- [DATA EXCERPT]
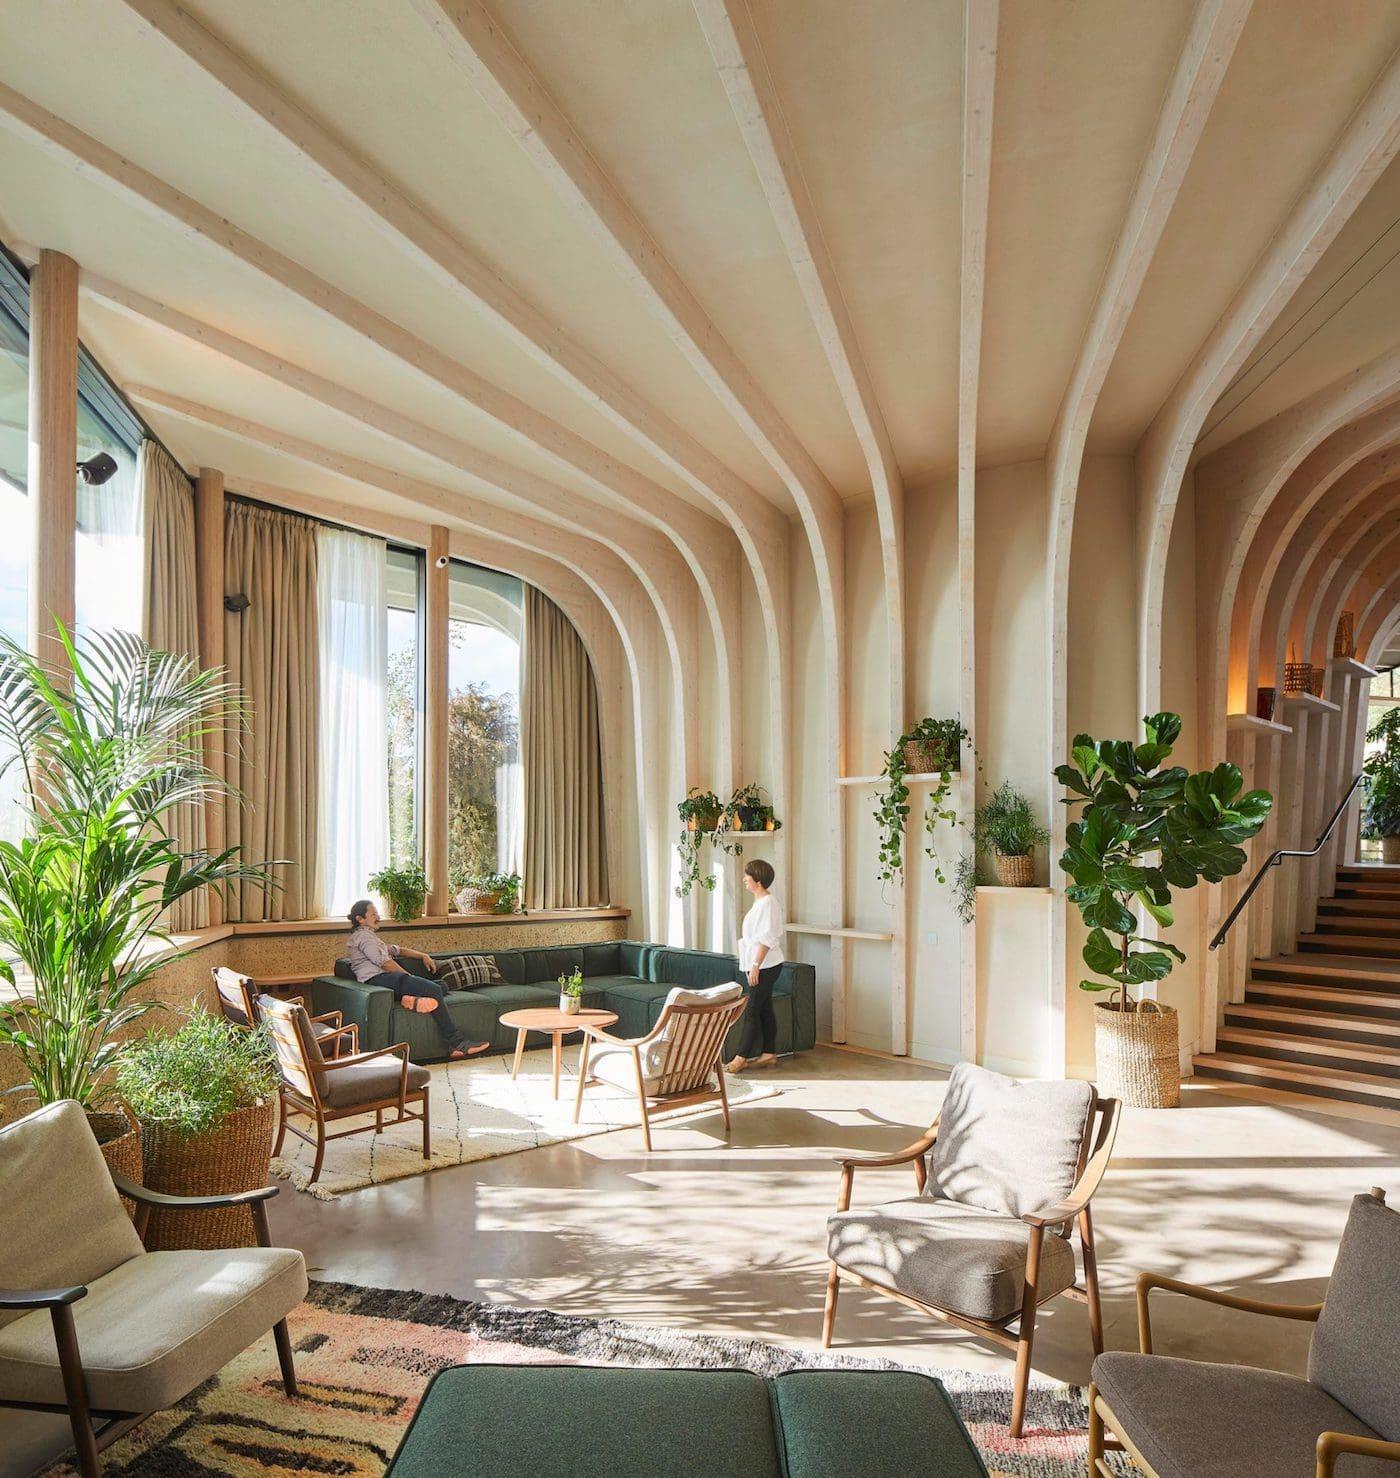 Eco Edition_Heatherwick Studio_Maggie's Leeds_Architecture interiors 17-min
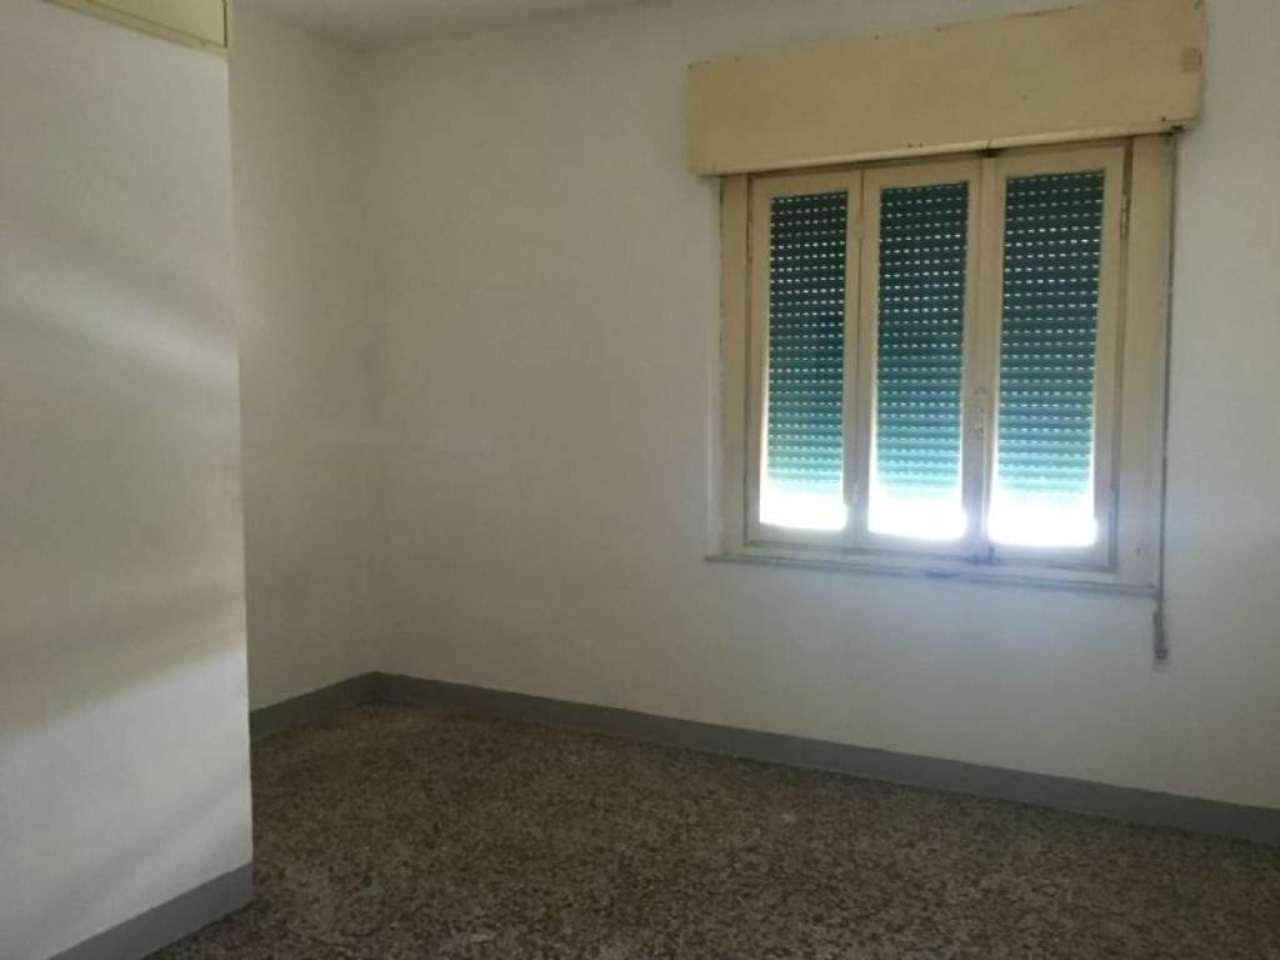 Palazzo / Stabile in vendita a Empoli, 5 locali, prezzo € 180.000 | Cambio Casa.it
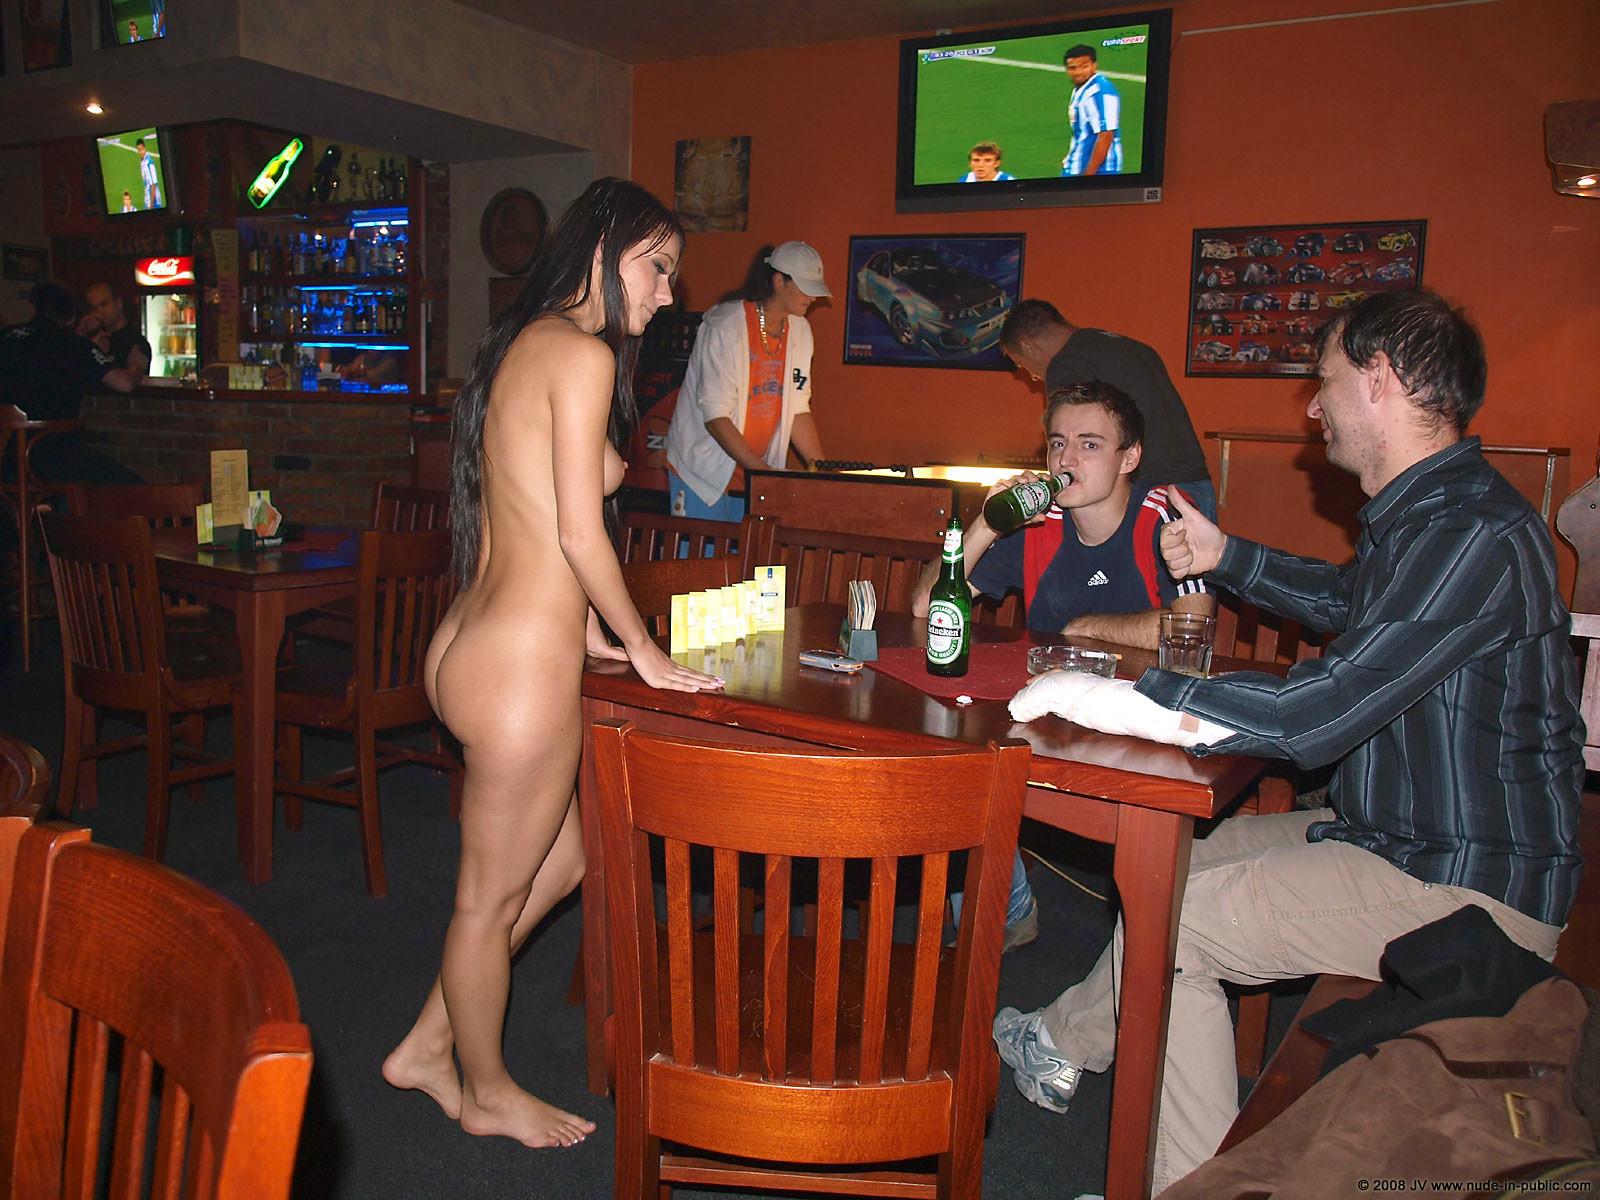 Zee cafe nude girl #2

- [WORK TASK] Give back the full listing word for word, with the pictures left out.

- [EXPECTED ANSWER]
 Eco Edition_Heatherwick Studio_Maggie's Leeds_Architecture interiors 17-min
 Palazzo / Stabile in vendita a Empoli, 5 locali, prezzo € 180.000 | Cambio Casa.it
 Zee cafe nude girl #2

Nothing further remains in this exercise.